Ransom Reed Cable (1834-1909) commissioned the mansion from the firm Cobb & Frost in 1885. Cable (perhaps the most aptly named railroad executive of all time?) served as president of the Chicago, Rock Island & Pacific Railway for 15 years. (A tidbit of industry gossip: the great William H. Vanderbilt, the largest stakeholder in the competing Chicago and Northwestern Railroad, apparently tried to jump in and block Cable’s appointment to the position.) Before the railway company, Cable—who grew up in Ohio—did business in the coal mining industry in Rock Island, a town on the Iowa-Illinois border. The Chicago Tribune called him one of “the representative businessmen of Chicago.”

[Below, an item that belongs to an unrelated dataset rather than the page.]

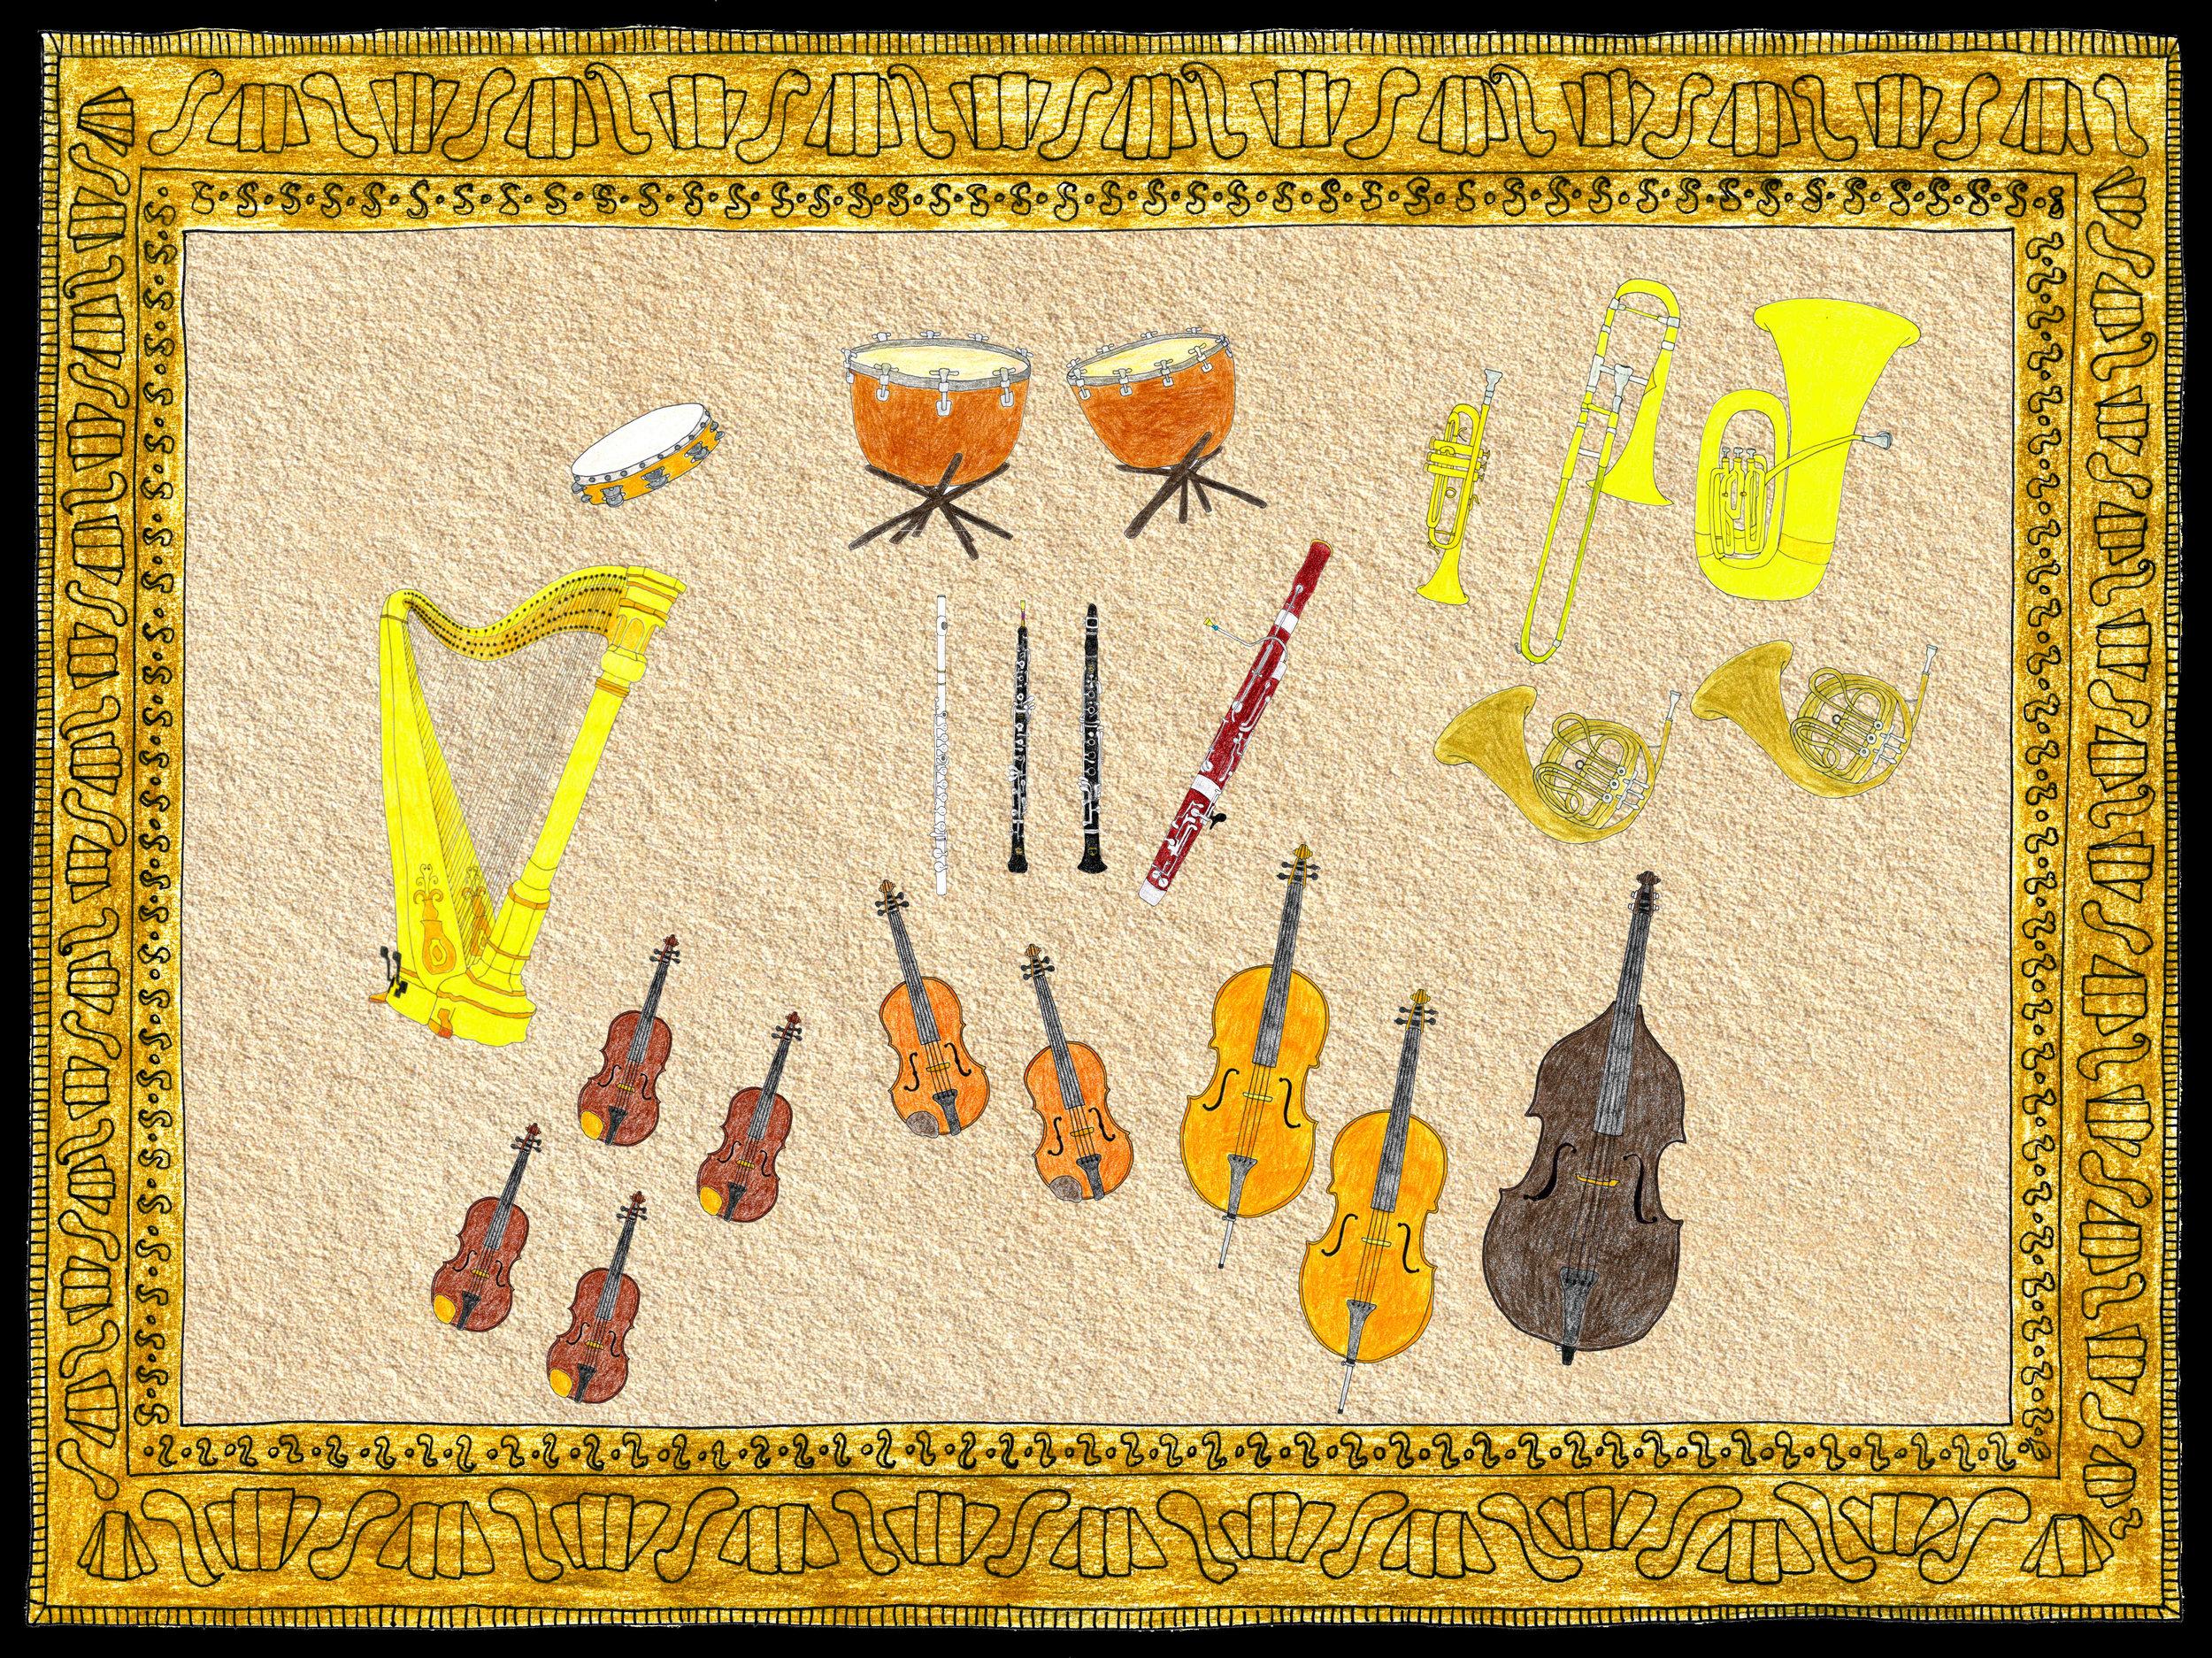 44 orchestra.jpg

The building’s second tenants compete with Cable for historical importance. John Carroll, one of Chicago’s first undertakers, personally drove the horse-drawn hearse carrying President Abraham Lincoln on a mournful procession through the Chicago streets and down into Springfield. It is his funeral business—John Carroll Sons, well-known for the burial of other great figures like George Cardinal Mundelein, an archbishop of Chicago—that occupied the Ransom Cable mansion for much of the 20th century after Cable’s death.

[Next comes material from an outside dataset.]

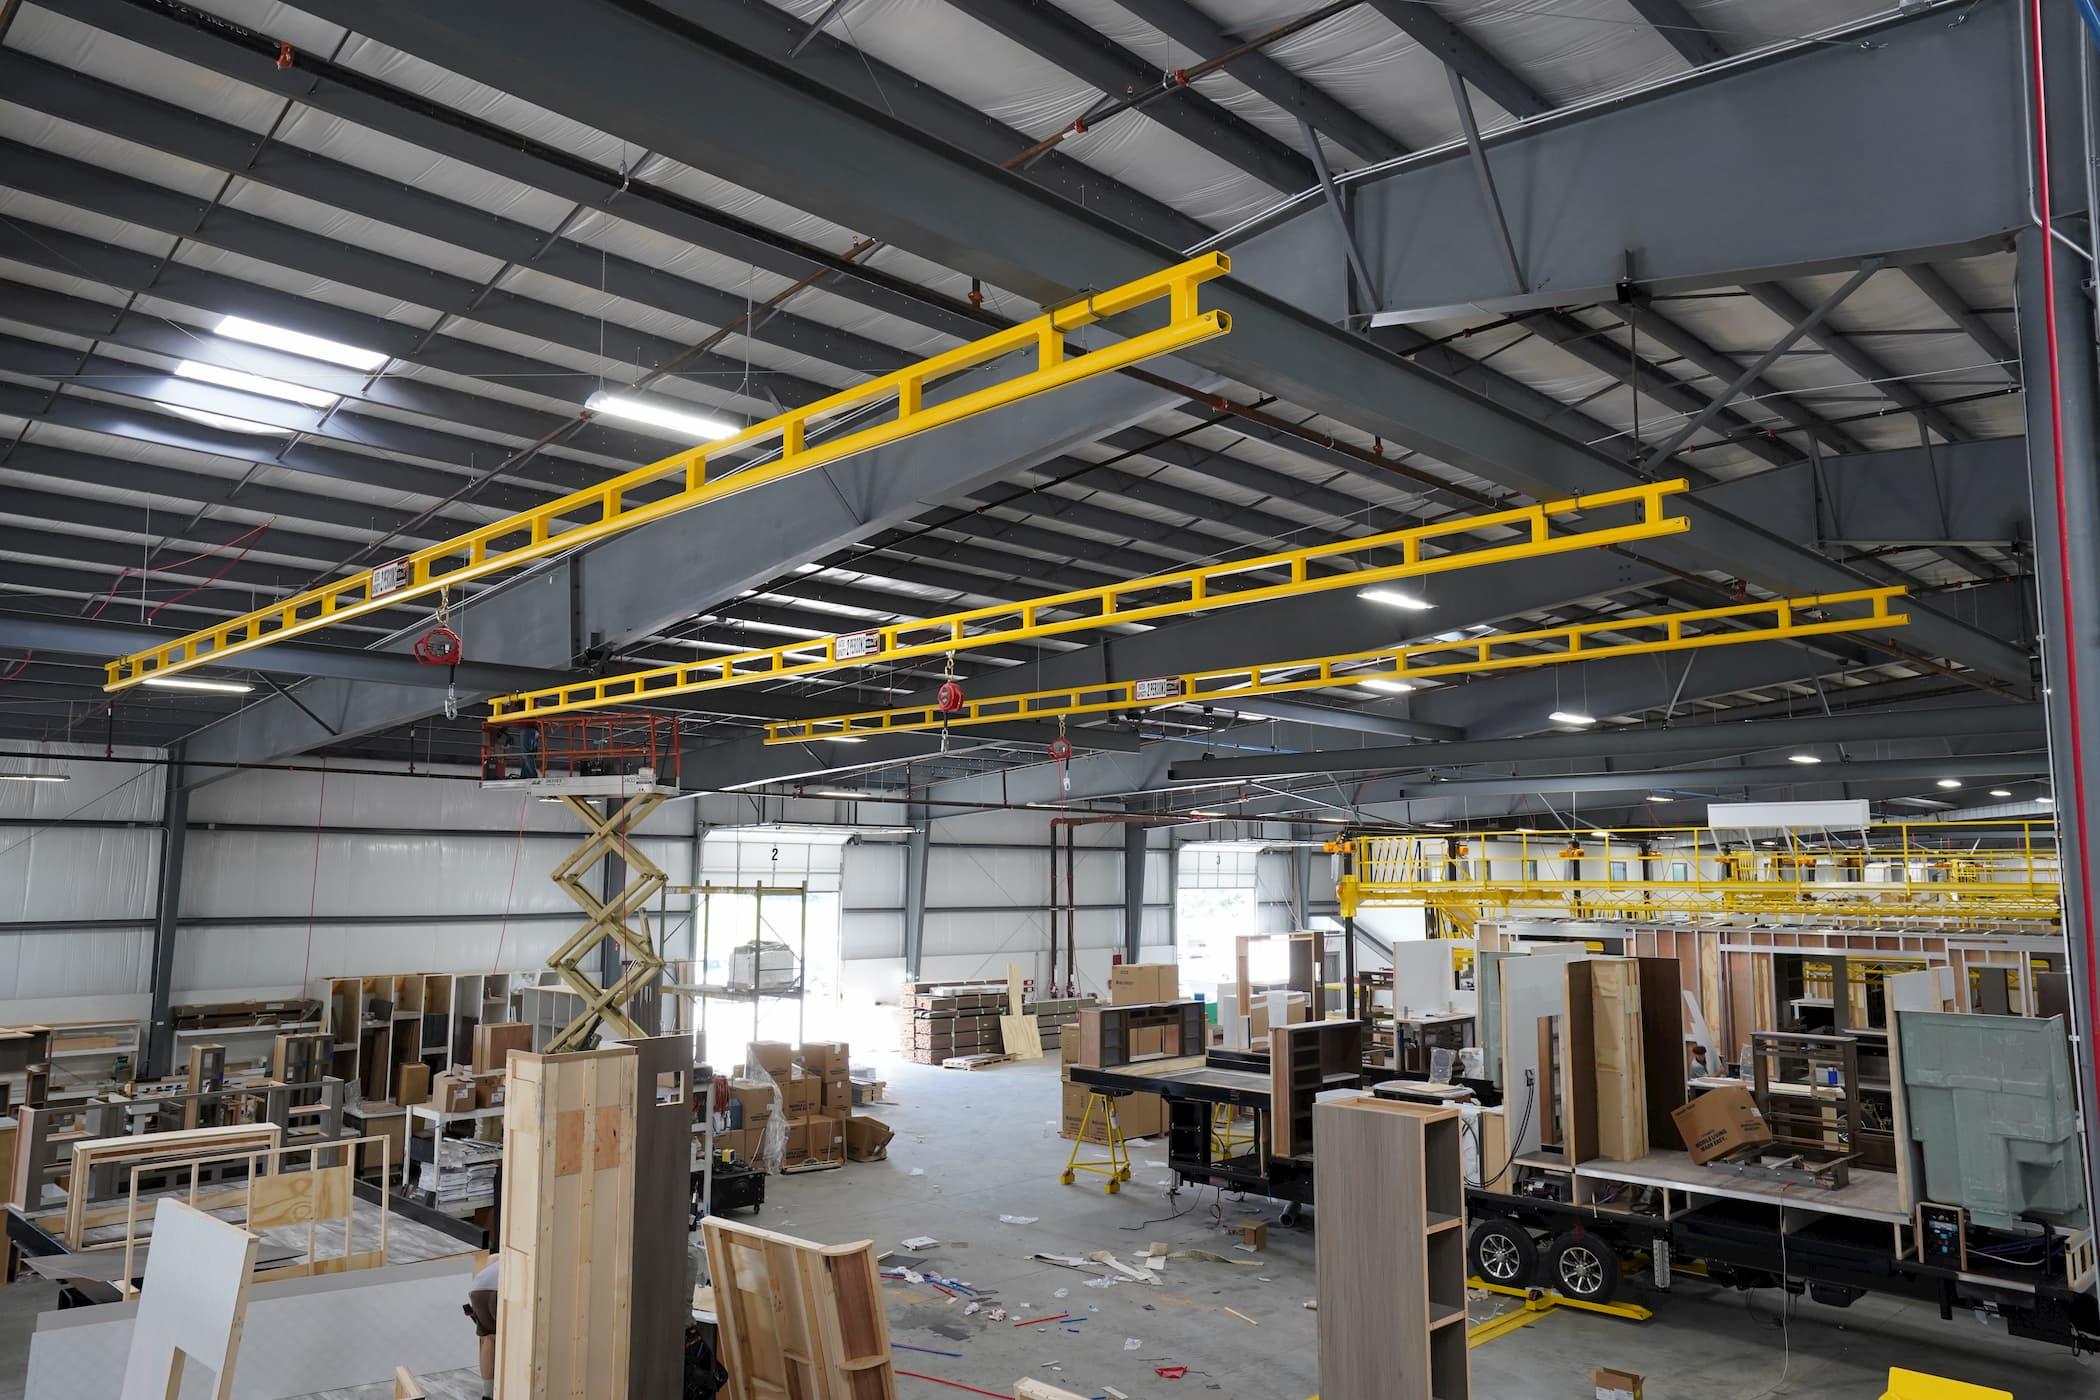 Rigid Enclosed Track Fall Protection

Today the Ransom Cable mansion is home to Driehaus Capital Management LLC. Though it is not open to the public, passers-by will be glad to know that the exquisitely-restored exterior is the best part for sightseeing—the interiors do not have their original features intact.

Resources:
RANSOM R. CABLE DEAD.” The New York Times, Nov. 13, 1909.
Mincer, Jilian. “City’s pioneer mortuary takes pride in its history.” Chicago Tribune, Dec. 30, 1983
Wolner, Edward W. Henry Ives Cobb’s Chicago: Architecture, Institutions, and the Making of a Modern Metropolis. University of Chicago Press. Chicago, 2011.